Croyez à mes sentiments très sympathiques.
Gabrielle Réval
Ci-joint un chèque Crédit lyonnais n° A 323086 dont je vous prie de m'accuser réception d'un mot.
[1] Ces deux mots sont imprimés en bleu, ainsi que 19.
[2] Lettre parvenue à destination le 28
[3] ADRESSE : à LA MEILLEURE BECQUéE (imprimé entre le lieu de création suivi de la date et les coordonnées manuscrites) a été rayé.
[4] Cette association féministe, destinée à l'origine à réunir les femmes gastronomes exerçant par ailleurs une profession (littéraire, artistique, etc.) fut fondée par Marion Gilbert (1876‑1951). Sur Marion Gilbert, dont la vie et l'œuvre reflètent bien le contexte dans lequel évolue Gabrielle Réval, voir la partie DESCRIPTION
[5] Quelque trois cents euros de 2020
[6] Les deux romancières, avec Gabrielle Réval, ont fait partie des vingt‑et‑une femmes membres du prix Vie heureuse, institué à quelques jours des deux prix littéraires créés par Femina (voir la partie DESCRIPTION), et qui ne se limite pas à des lauréates féminines (Voir Leroy, Géraldi et Bertrand‑Sabiani, Julie, La Vie littéraire à la Belle époque, Op. cit., p. 270).
[7] Il s'agit sans doute de Katherine Mansfield (1888‑1923), l'écrivaine – admirée par Virginia Woolf ‑ qui fréquenta Menton à la fin de sa courte existence, et à laquelle le nom de la ville est resté attaché.
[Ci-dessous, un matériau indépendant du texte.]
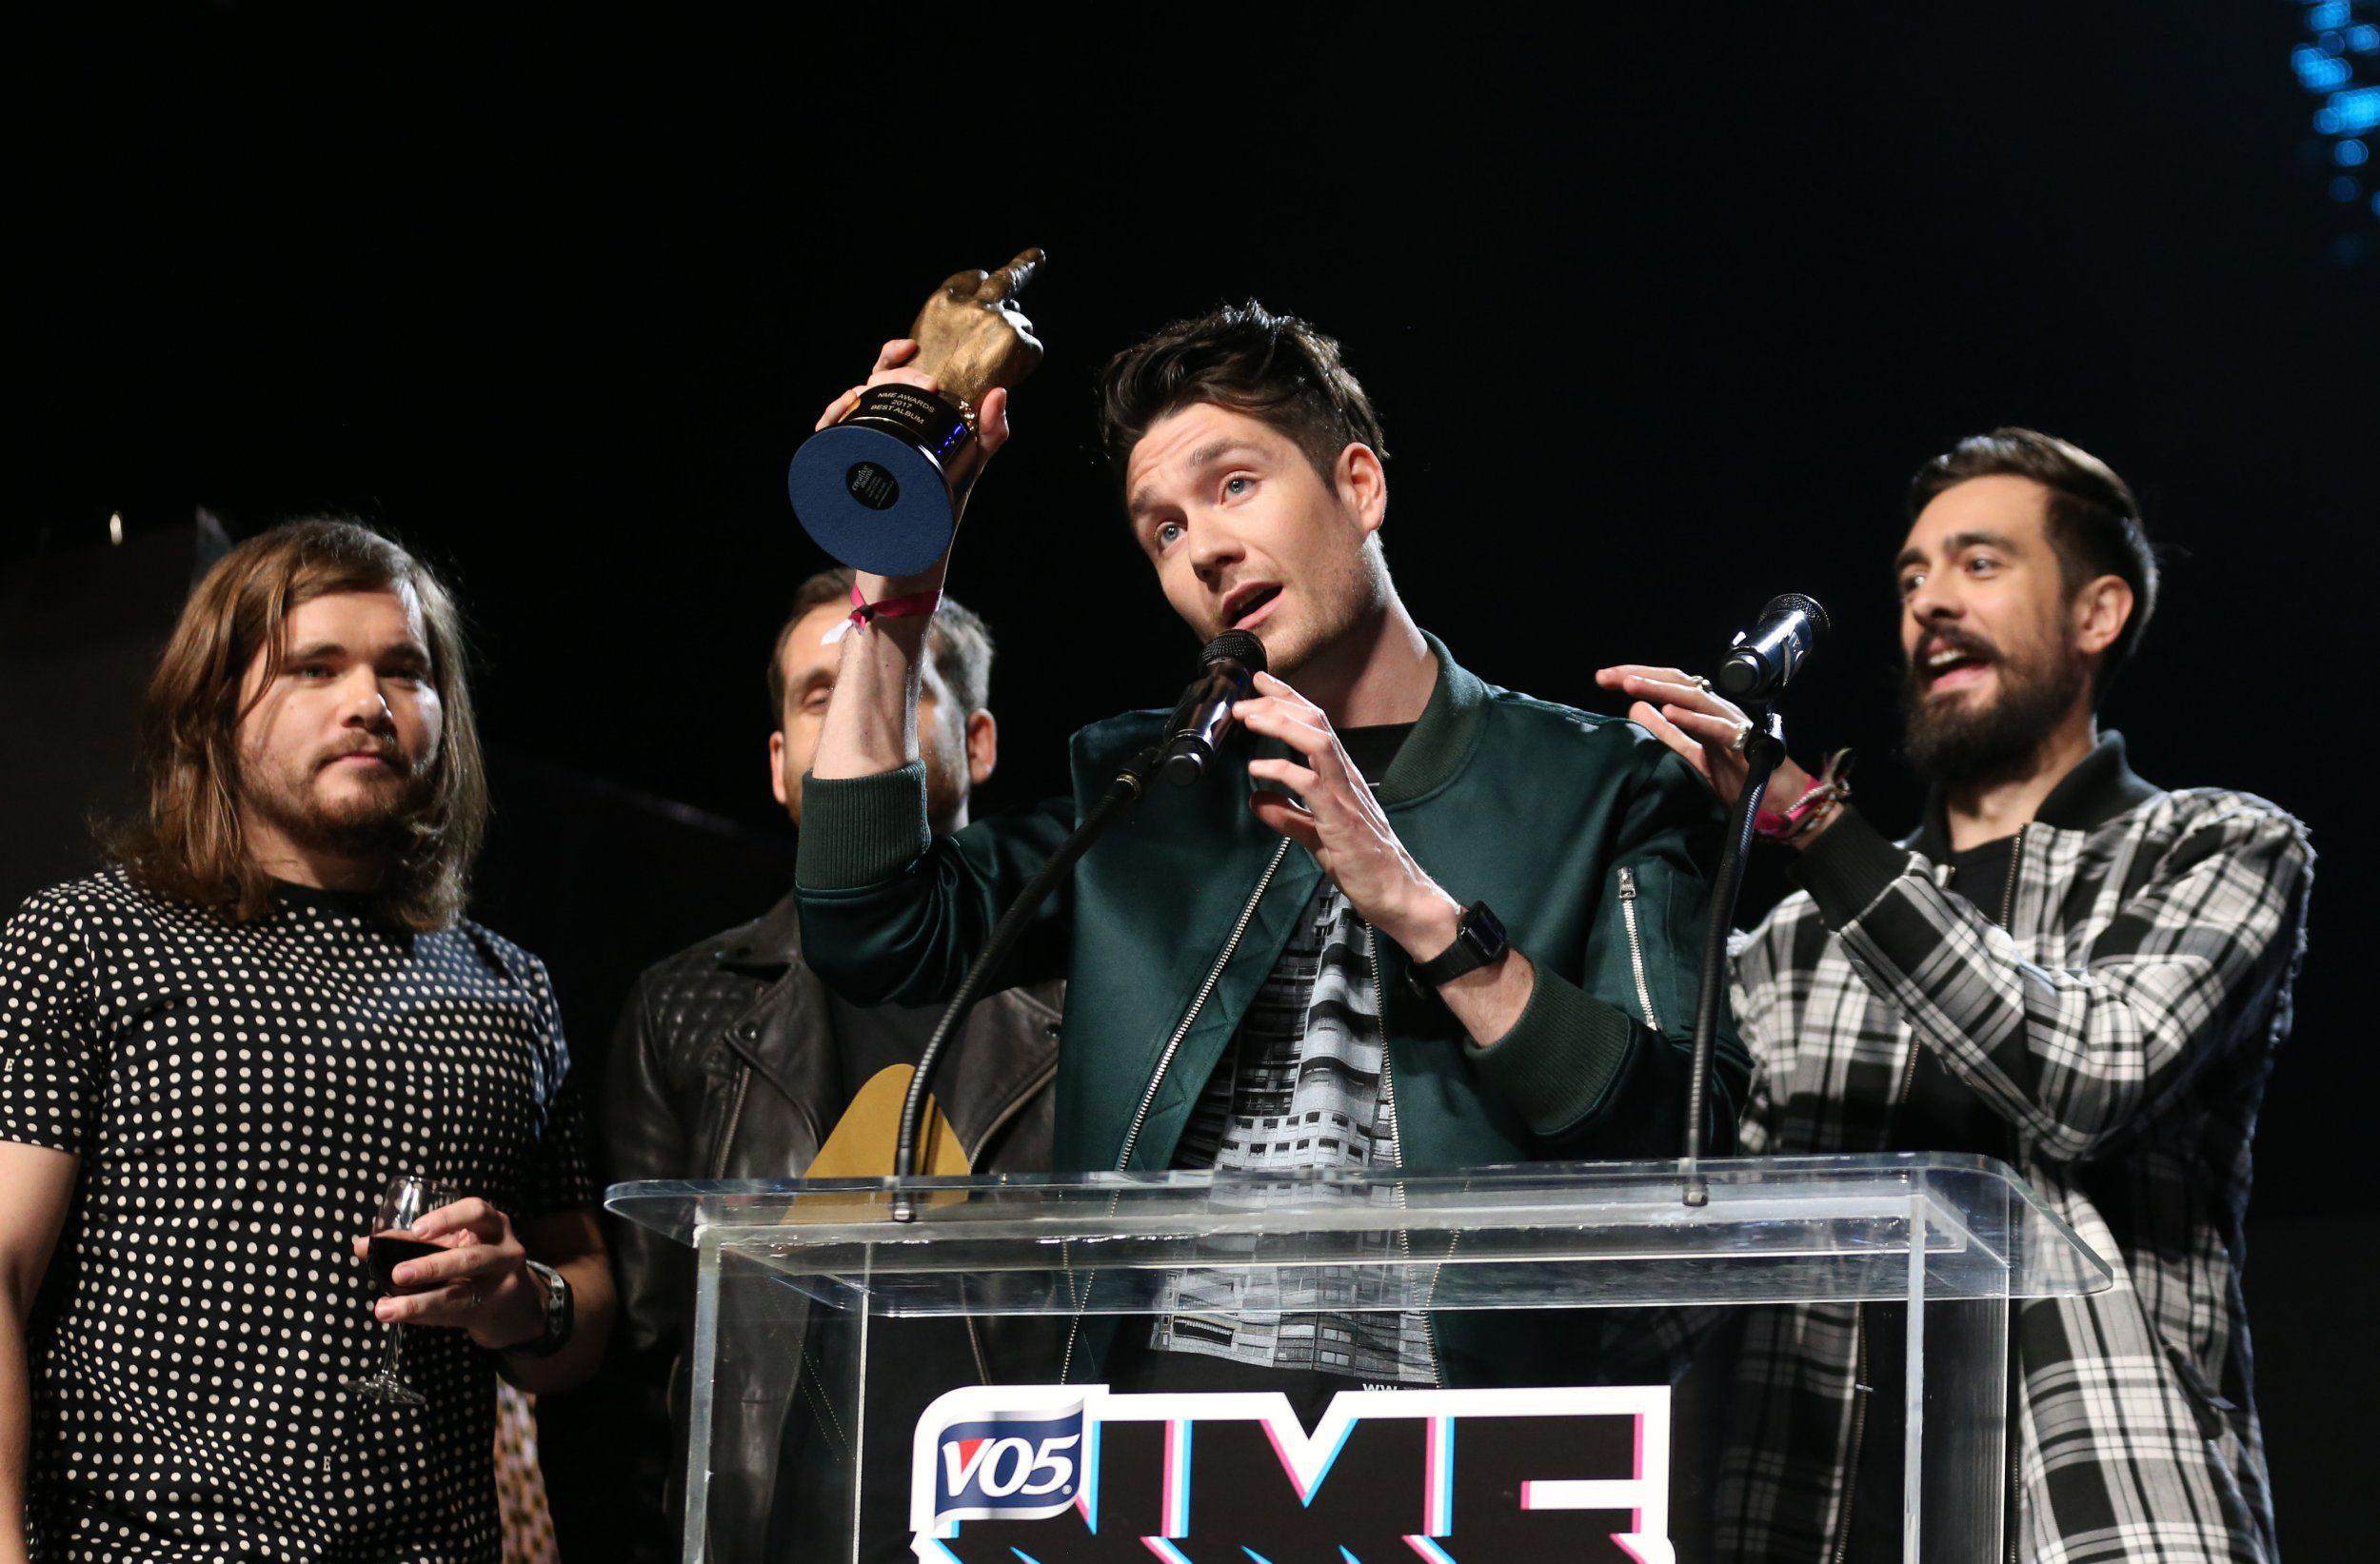 Mandatory Credit: Photo by James Gourley/REX/Shutterstock (8384993cd) Bastille - Winner of Best Album VO5 NME Awards, Show, London, UK - 15 Feb 2017

Yvonne Arbogast (la fille des hôteliers de l'Hôtel des Anglais qui recevaient Mirbeau, une inconditionnelle du romancier et de Marguerite Audoux) n'écrit‑elle pas à Paul d'Aubuisson que Katherine Mansfield « est à Menton ce que les berlingots sont à Carpentras »… [Voir Garreau, Bernard‑Marie, « La Correspondance d'Yvonne Arbogast avec Paul d'Aubuisson : portrait épistolaire d'une mirbeauphile », in Cahiers Octave Mirbeau n° 11, mars 2004, p. 245-262 (p. 251 pour ce passage)].